A PRESHCO Impresh(c)on

This last blog took a long time to come to fruition, because I have been at a loss for words on concluding the fall 2018 PRESHCO blog (both metaphorically, and literally - since I feel like my English skills are deteriorating as my Spanish usage increased in the past semester). PRESHCO has been one of the most fun and rewarding semesters of my life because of the place, and mostly, as Avery (one of the preshquitas) said, “the people”. As I adapt myself to the rhythm of the new semester, I wonder how I could finish the last blog on the high note PRESHCO has left me on. Thinking back to just a couple months ago when I first landed in Madrid with a bunch of strangers, I had no idea that we were going to end up being such good friends by the 18th of December.

So, let’s start where it began, and end at the end.

 

At our welcome reception in Cordoba, Kim, our site director, said something that is still fresh in my mind. In her welcoming speech, she talked about “identities”. She said, and I paraphrase, “our identities are the combination of all the experiences we’ve been through. We come to a place with some experiences and leave with new ones, and the fragments of these experiences in turn mould who we are and what we will become.” I thought about her words throughout the semester, during my trip afterwards, up till now when I started my next program. I took note of the little things that are unique to each person that I’ve met - like my host family that always has chocolate after lunch; like that Argentinian woman that puts a pinch of cinnamon into her macaronis; like that Spanish girl that makes her toasts ON instead of IN the toaster because the slice wouldn’t fit and she doesn’t feel like buying an new one… interestingly, theses little details that I remember all take place in the kitchen, perhaps my mind is influenced by the book we read for PRESHCO’s cinema class “Como Agua Para Chocolate”.

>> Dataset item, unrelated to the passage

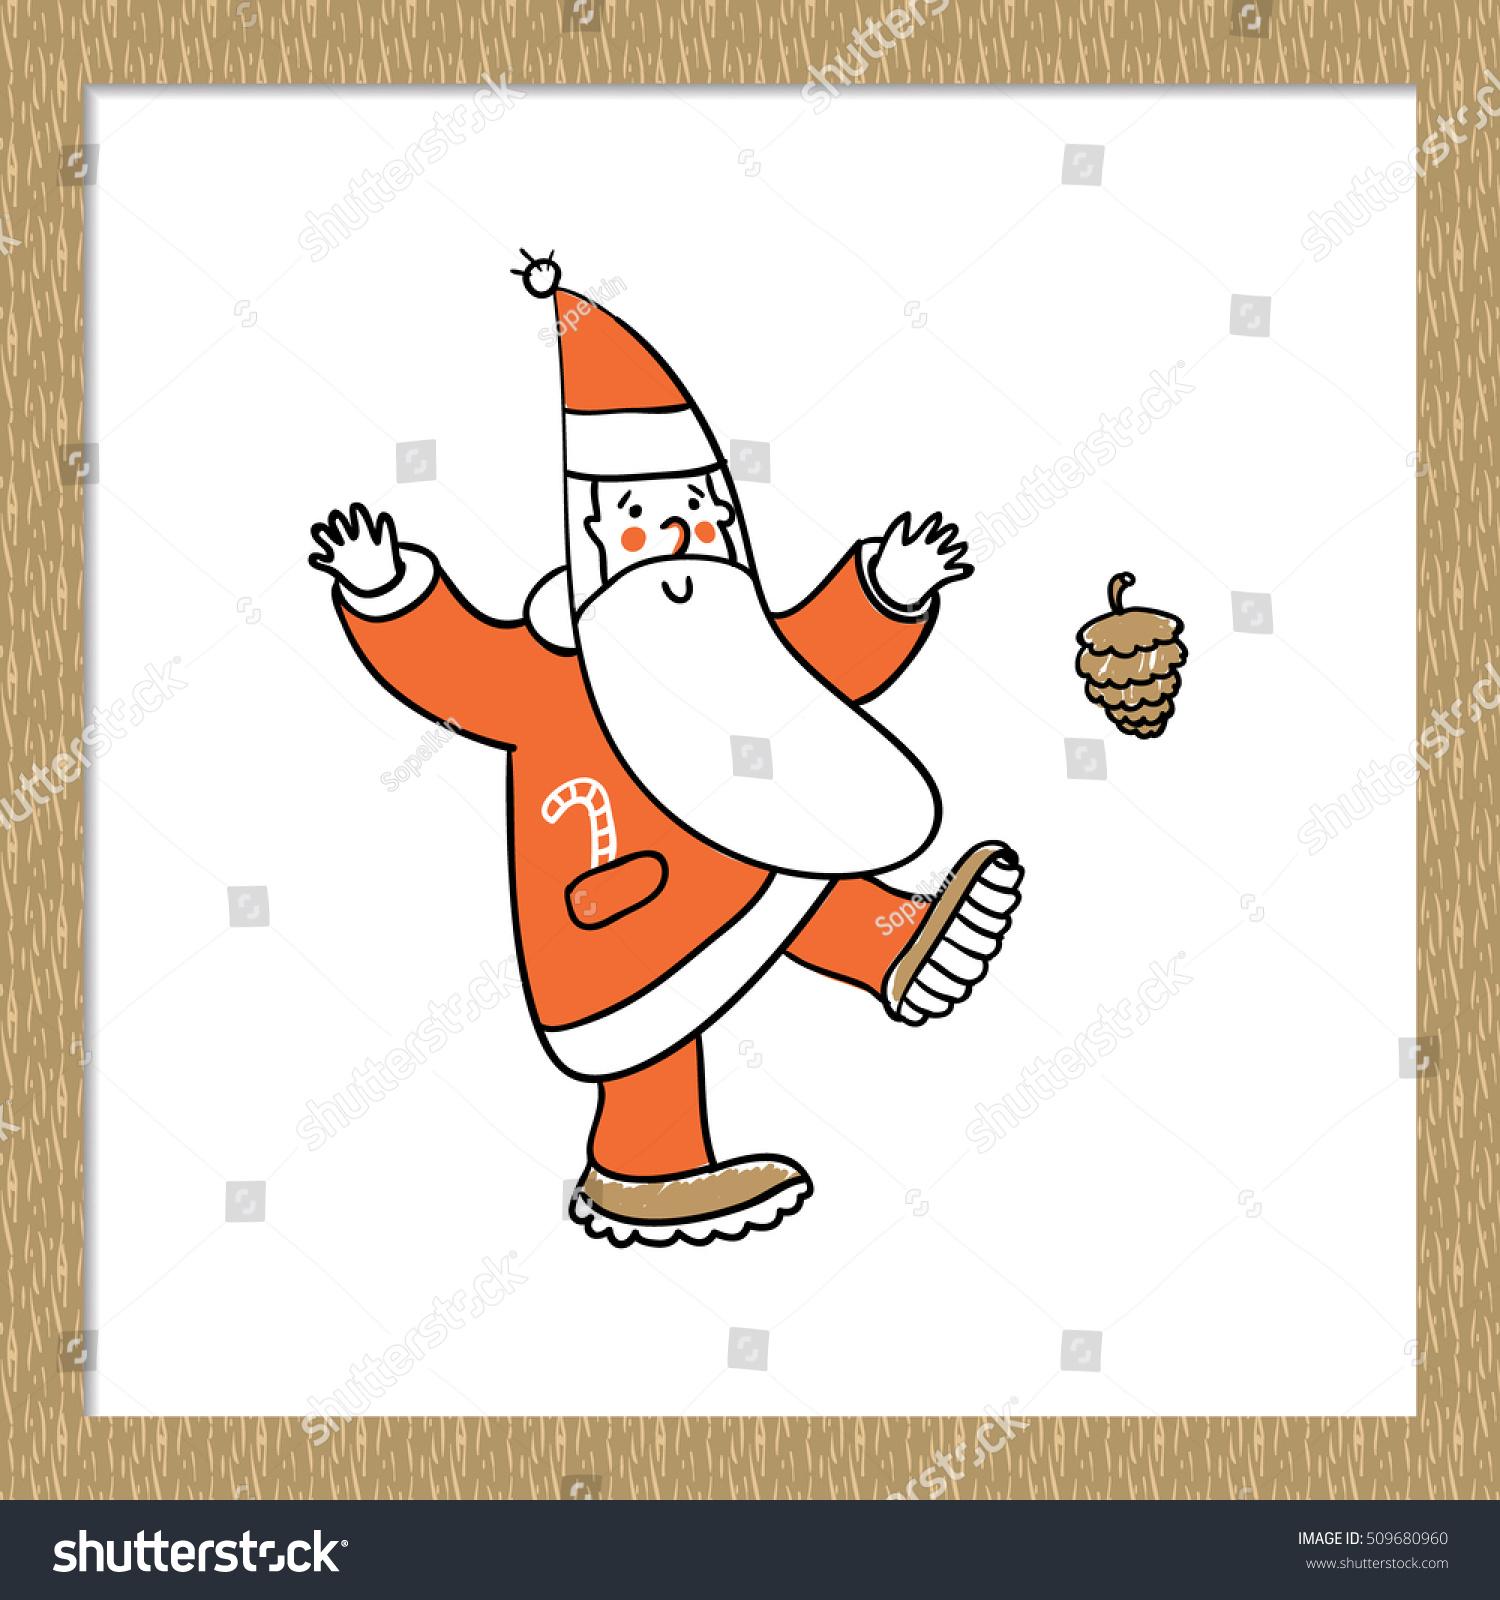 Beautiful festive decoration dancing santa claus stock vector beautiful festive decoration dancing santa claus kicking cone vector element for holiday decorating greeting kristyandbryce Gallery

At the ending ceremony, Kisa (a preshquita that’s in Cordoba for the full year) performed our own mashup of “Somewhere only we know” and “Someone like you”, dedicated to everyone that has made our experience so wonderful, and we hope to find “somewhere like you” in our future too. We celebrated a night of music, dance and good food, and I saw my host mom dance for the first time! My arabic professor in Salamanca told me that I’d want to visit Cordoba again after taking her class, and she’s right. I kept telling people that I’d come back to Cordoba to visit, and I wasn’t just saying it to be polite. I meant it.

I tread the ancient paths of Cordoba in 4-inch stilettos to attend the reception that day (upon my host family’s advice against it but I was stubborn) and walked home barefoot because my feet hurt so much; at the last dinner, I strutted in the same stilettos and danced in them as well. Maybe Cordoba has taught me to master the art of dancing in heels these past months, but more importantly, I walk away with joy and (some) tears of the beautiful memories I was able to create here with the amazing people. I’m still, very much, IMPREShcoed (I tried on this last pun, la intención es lo que cuenta)!